The name change comes almost four years after main shareholder Barclays PLC announced it was ending its presence in Africa following 100 years in the continent.

Barclays PLC, a London based lender, was a 63.2 percent majority shareholder in Barclays Africa Group Limited (BAGL), which in turn operated in a number of African markets such as Botswana, South Africa, Kenya, Tanzania and Ghana.

Since the March 2016 announcement, Barclays PLC gradually reduced its controlling stake and has now become a minority shareholder.

In July 2018, Barclays changed its name back to Absa after the London bank sold the majority of its shares, which were primarily acquired by South Africa’s Public Investment Corporation.

The rebranding exercise was soon rolled out across the continent, with local operations starting their own rebranding late last year.

This came after local shareholders had in June 2019 approved changing the company’s name.

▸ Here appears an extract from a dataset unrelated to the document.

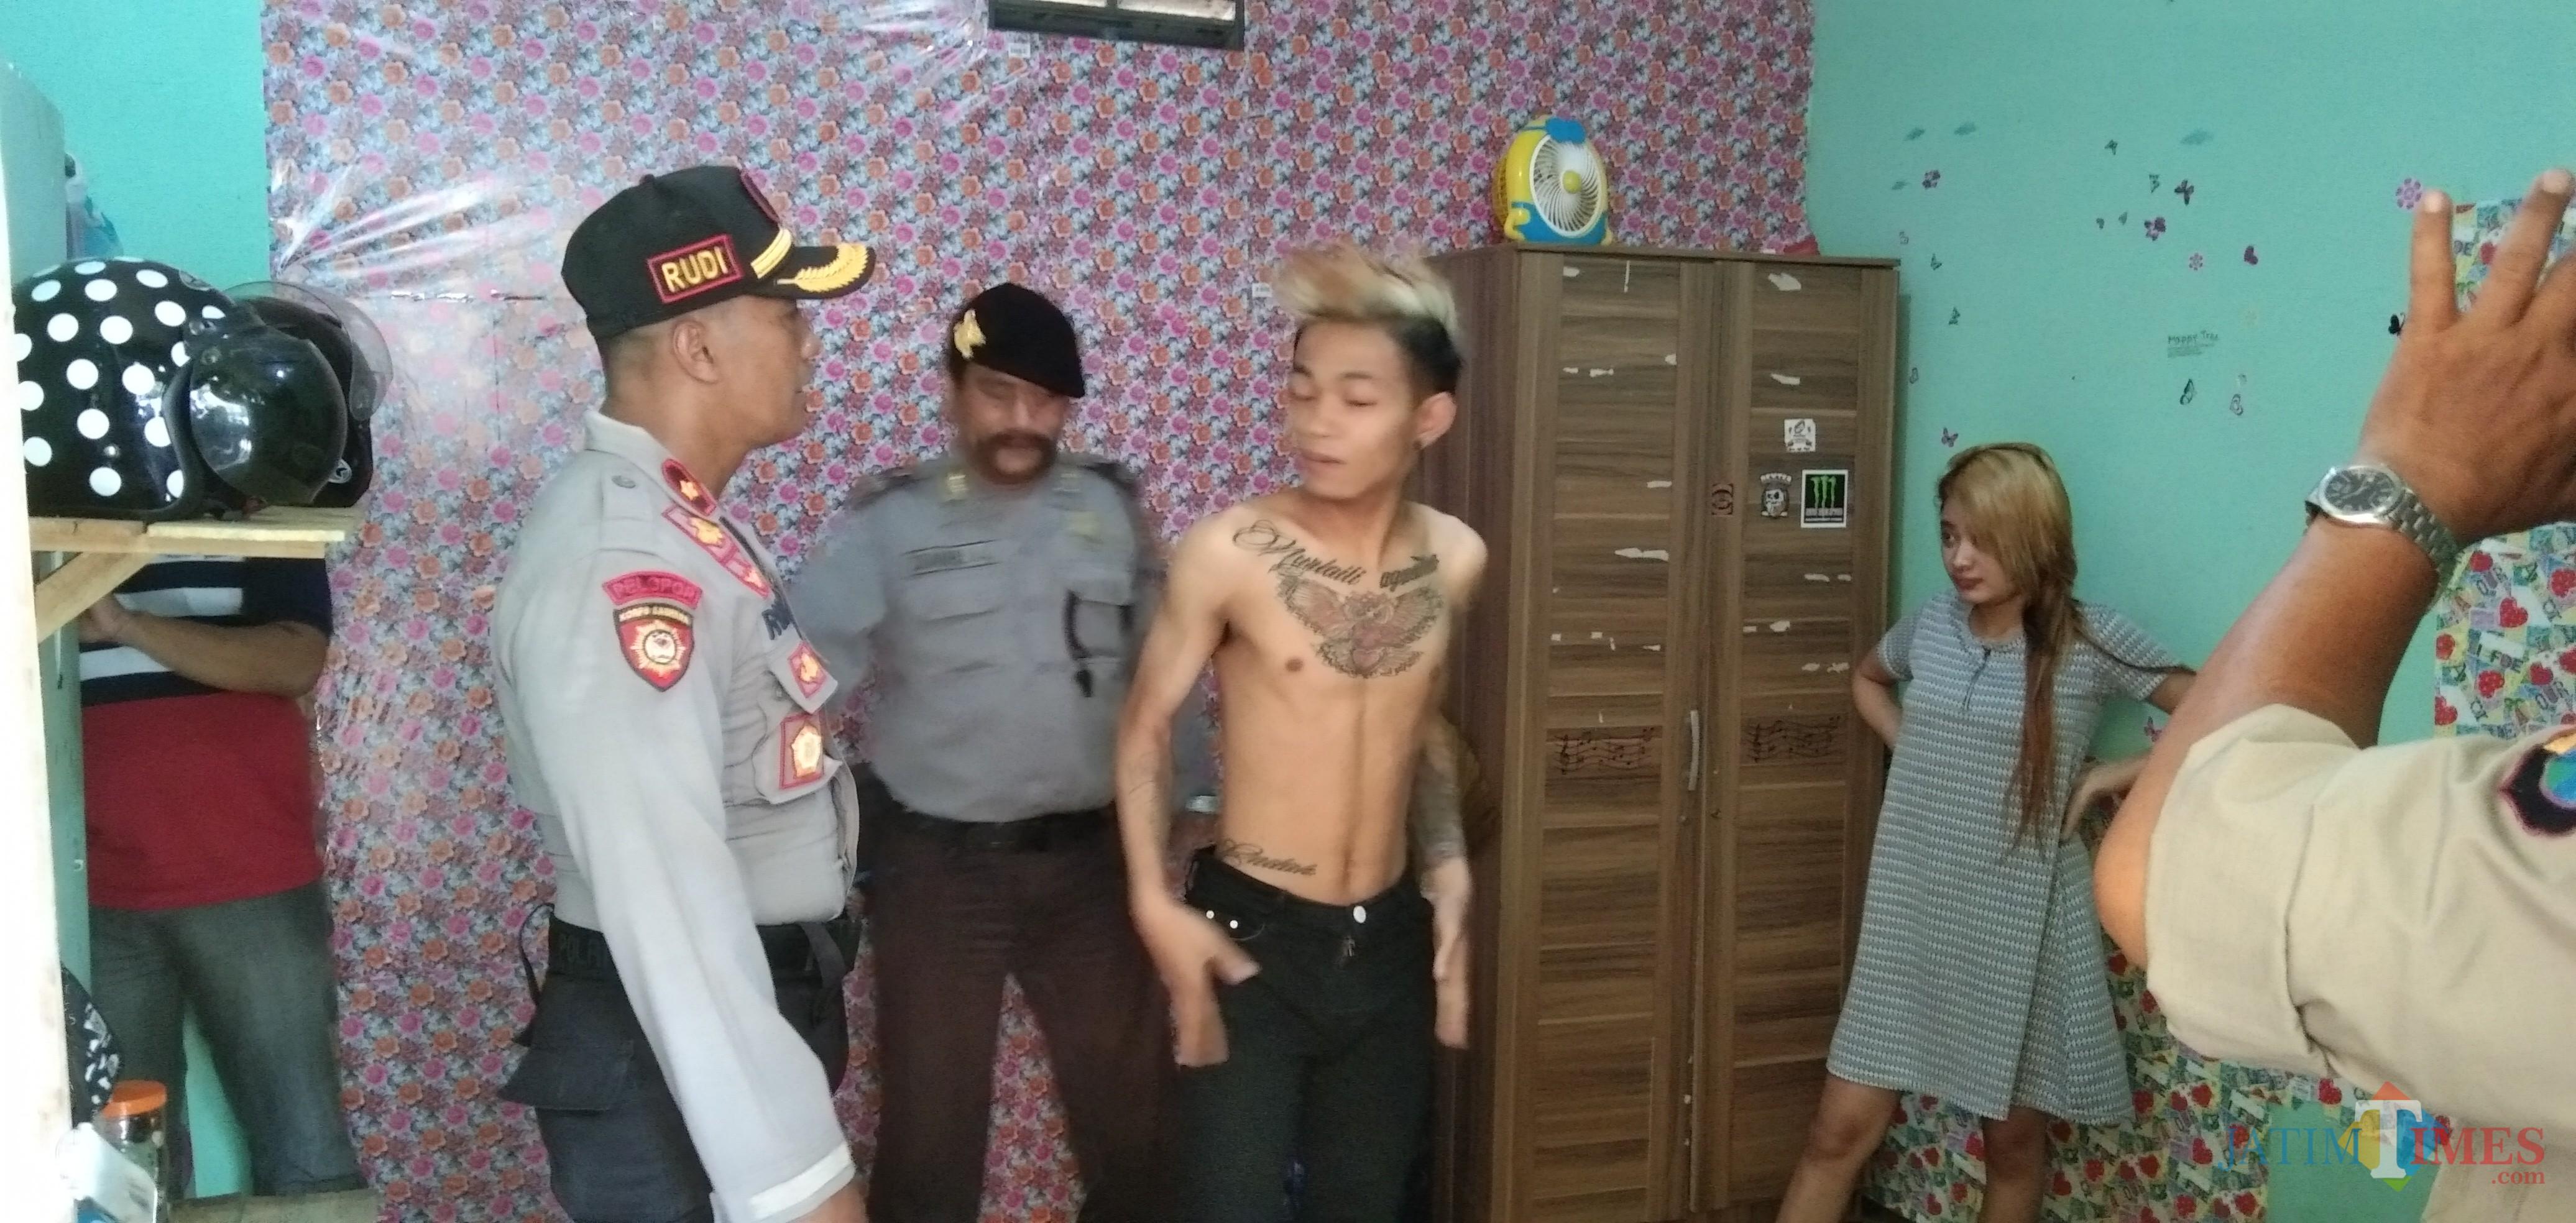 Kapolsek Tulungagung Kota, Kompol Rudi Purwanto saat memeriksa tempat kost (foto: Joko Pramono/ JatimTIMES)

The bank also announced this week that it has obtained approval from the Companies and Intellectual Property Authority (CIPA) for the name change.

Despite the new look, the bank’s executives have stressed operations will continue as they did under the previous name.

According to the bank’s Public and Media Relations Manager, Spencer Moreri, the whole separation exercise for local operations cost a total of P16 million as of June 2019.

However, as the company is still on closed period, Moreri explained that the final amount spent will only be disclosed when Absa releases its financial results, which is expected to take place next month.